When it was published, On the Road got mixed reviews, but its success made Kerouac famous — and uncomfortable. He wrote to a friend: "I really wanta dig into my art like a maniac and pay no attention to promotion (which everybody wants me to do ... what a waste of sweet life!)" But now that he was famous; he was able to publish the previously rejected novels that he had written before On the Road. Kerouac considered all of his novels as parts of a whole cycle, which he called The Duluoz Legend. He told his editor: "When I'm done, in about 10, 15 years, it will cover all the years of my life, like Proust, but done on the run, a Running Proust."

His books include The Dharma Bums (1958), Doctor Sax (1959), Visions of Cody (1960), and Big Sur (1962).

It's the birthday of playwright Edward Albee (books by this author), born in 1928. He wrote many plays, including The Zoo Story (1958), Who's Afraid of Virginia Woolf? (1962), and Me, Myself & I (2007), and he's won three Pulitzer Prizes. He said: "I take pretty good care of myself, and I have no enthusiasm whatever about dying. I think it's a terrible waste of time, and I don't want to participate in it."

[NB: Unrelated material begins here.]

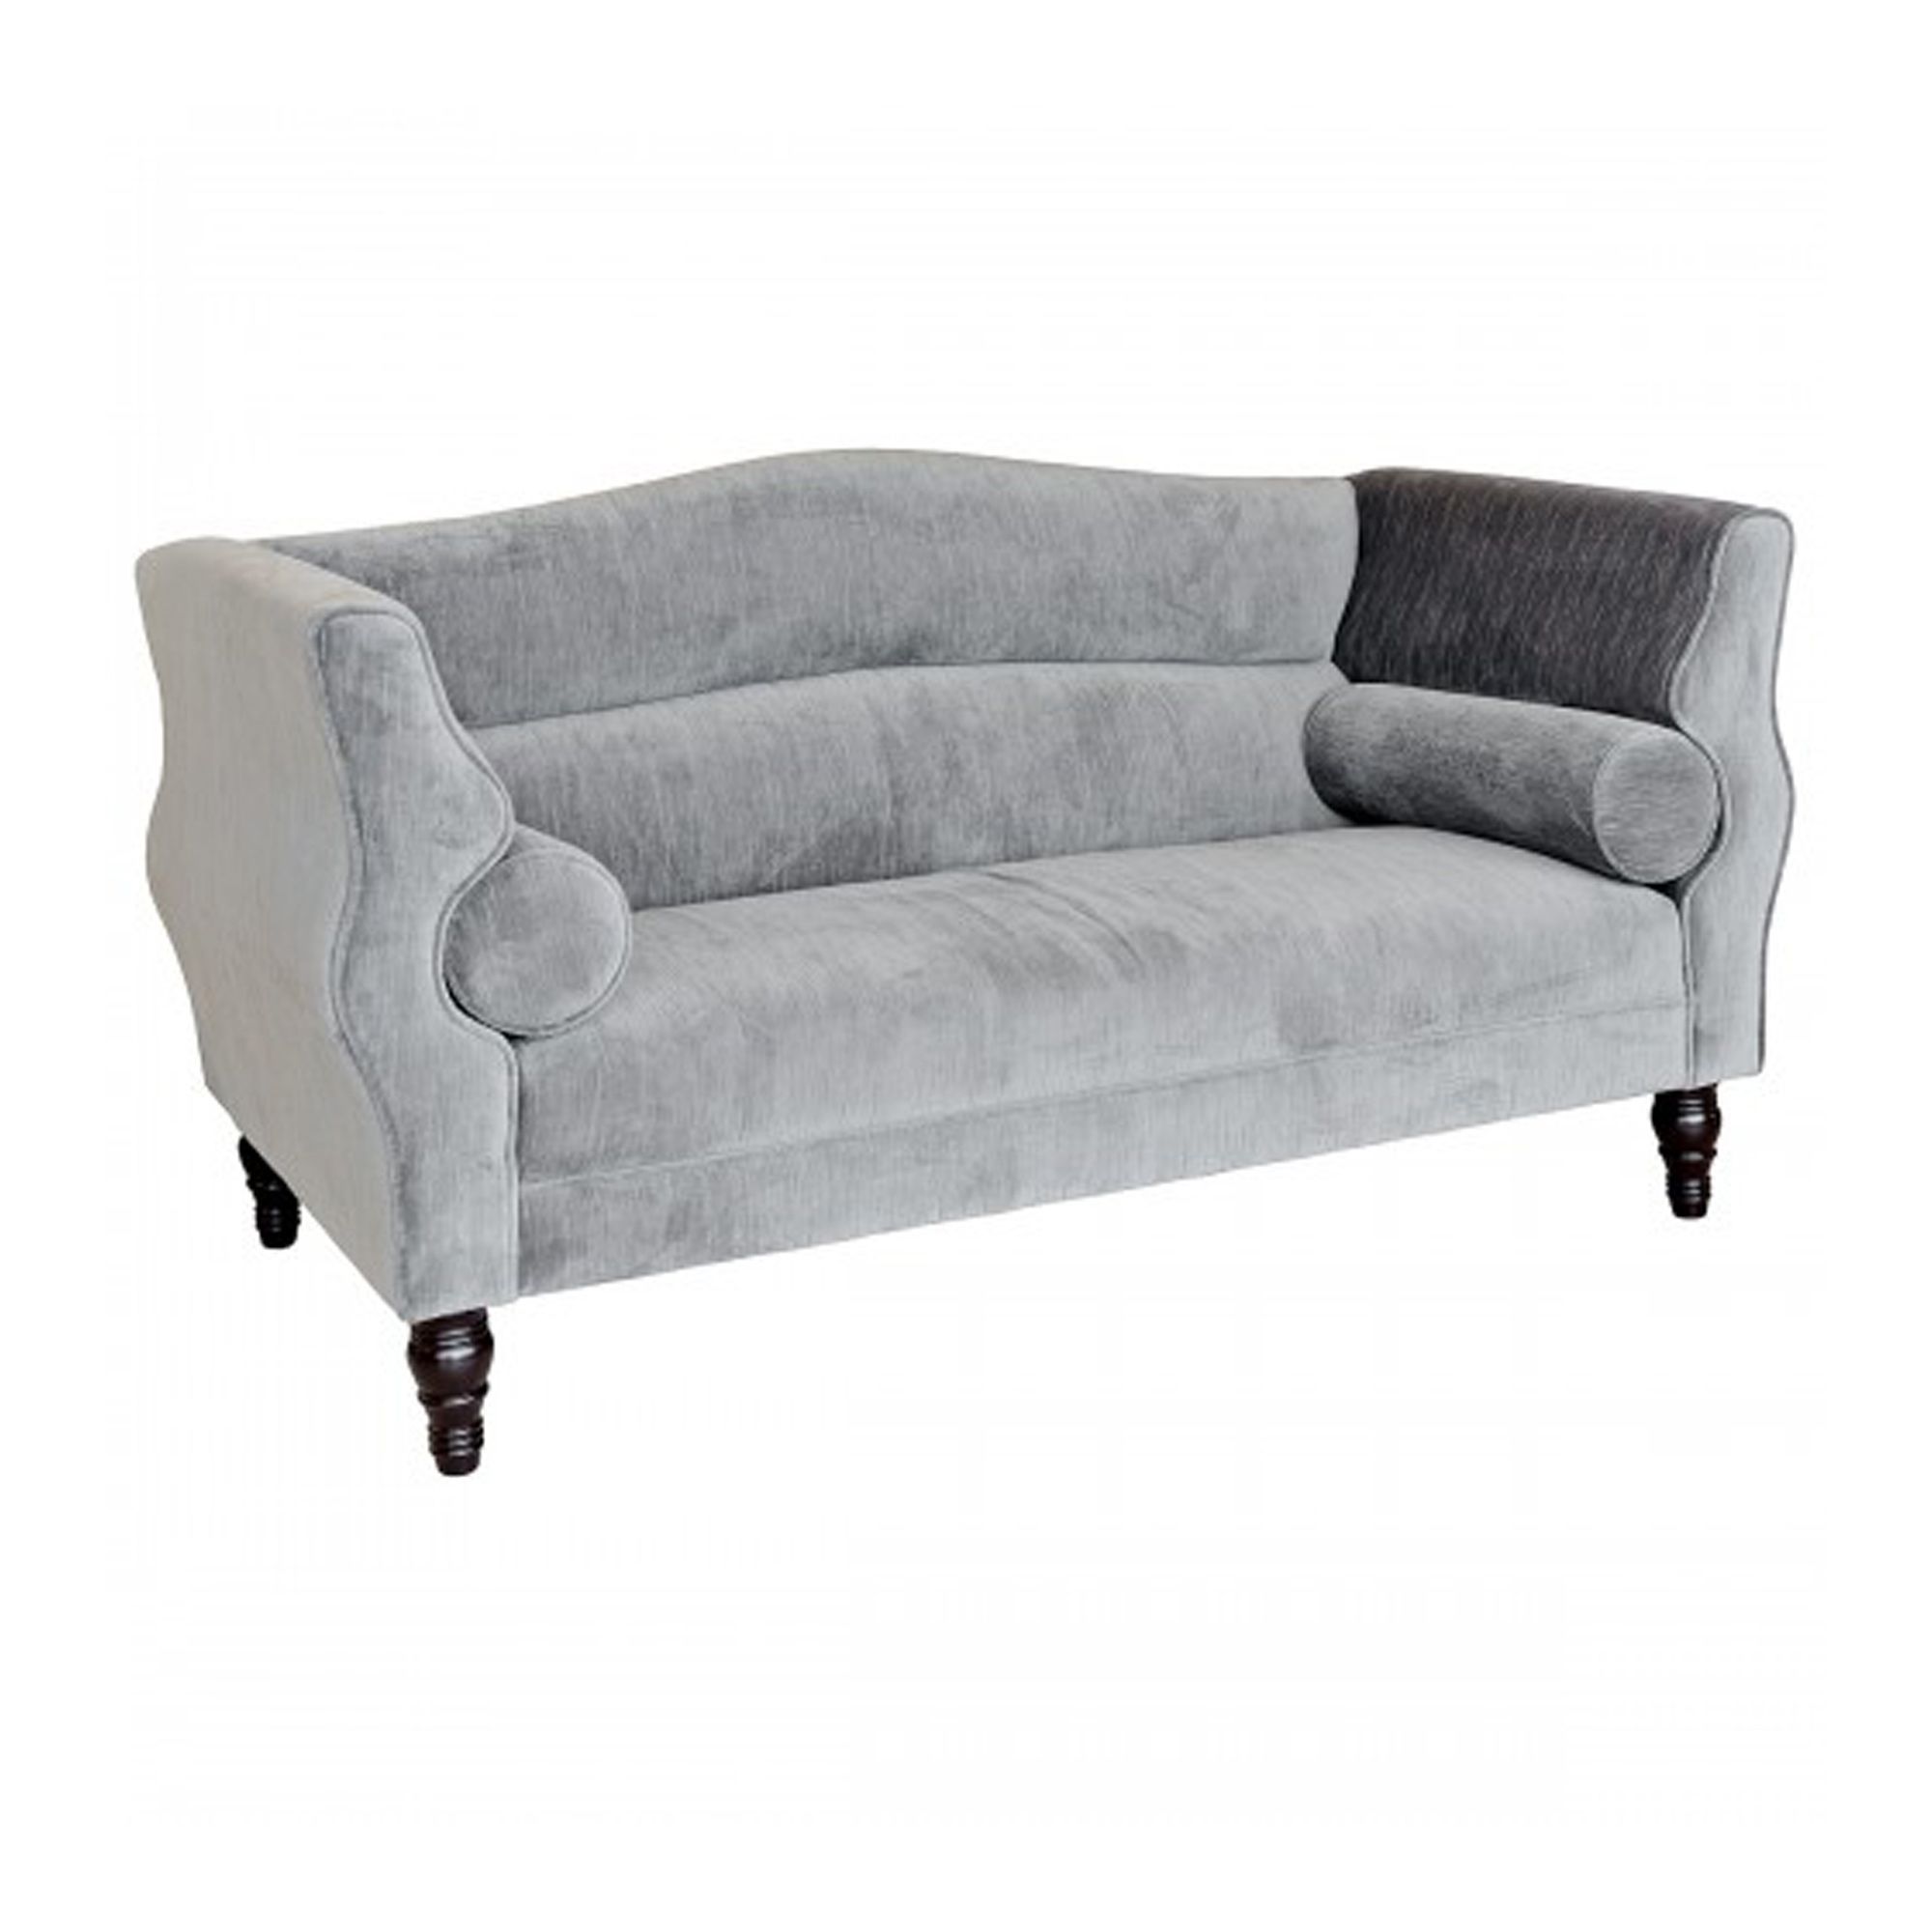 Janette Light Grey Sofa | Modern & Contemporary | Sofas Regarding Sofas In Light Gray (Gallery 21 of 22)

It's the birthday of poet and fiction author Naomi Shihab Nye (books by this author), born in St. Louis, Missouri (1952). Her father was Palestinian, and her mother was American. Nye grew up in St. Louis, Ramallah, Jerusalem, and San Antonio, Texas. She began writing poetry almost as soon as she learned to write, and she's always been interested in the intersections of different cultures. Her work is often inspired by her Mexican-American neighbors in San Antonio, where she still lives. Since the 9/11 attacks, she has become an outspoken advocate for Arab Americans. Her latest book is a collection of very short stories: There is No Long Distance Now (2011).

She said: "Poetry calls us to pause. There is so much we overlook, while the abundance around us continues to shimmer, on its own."

It was on this date in 2009 that financier Bernard Madoff pleaded guilty to 11 felony counts — including securities fraud, investment adviser fraud, money laundering, perjury, and theft — in a New York court. Madoff admitted to fronting and operating a Ponzi scheme that is believed to be the largest financial embezzlement and fraud in Wall Street history. Madoff, a former stockbroker and onetime president of the board of directors for the NASDAQ stock exchange, admitted to conning thousands of investors out of nearly $50 billion, while moving as much as $170 billion through his own personal accounts since the early '90s.

In 2009, at 71 years old, he was sentenced to a 150-year prison sentence, the maximum possible sentence he could have received.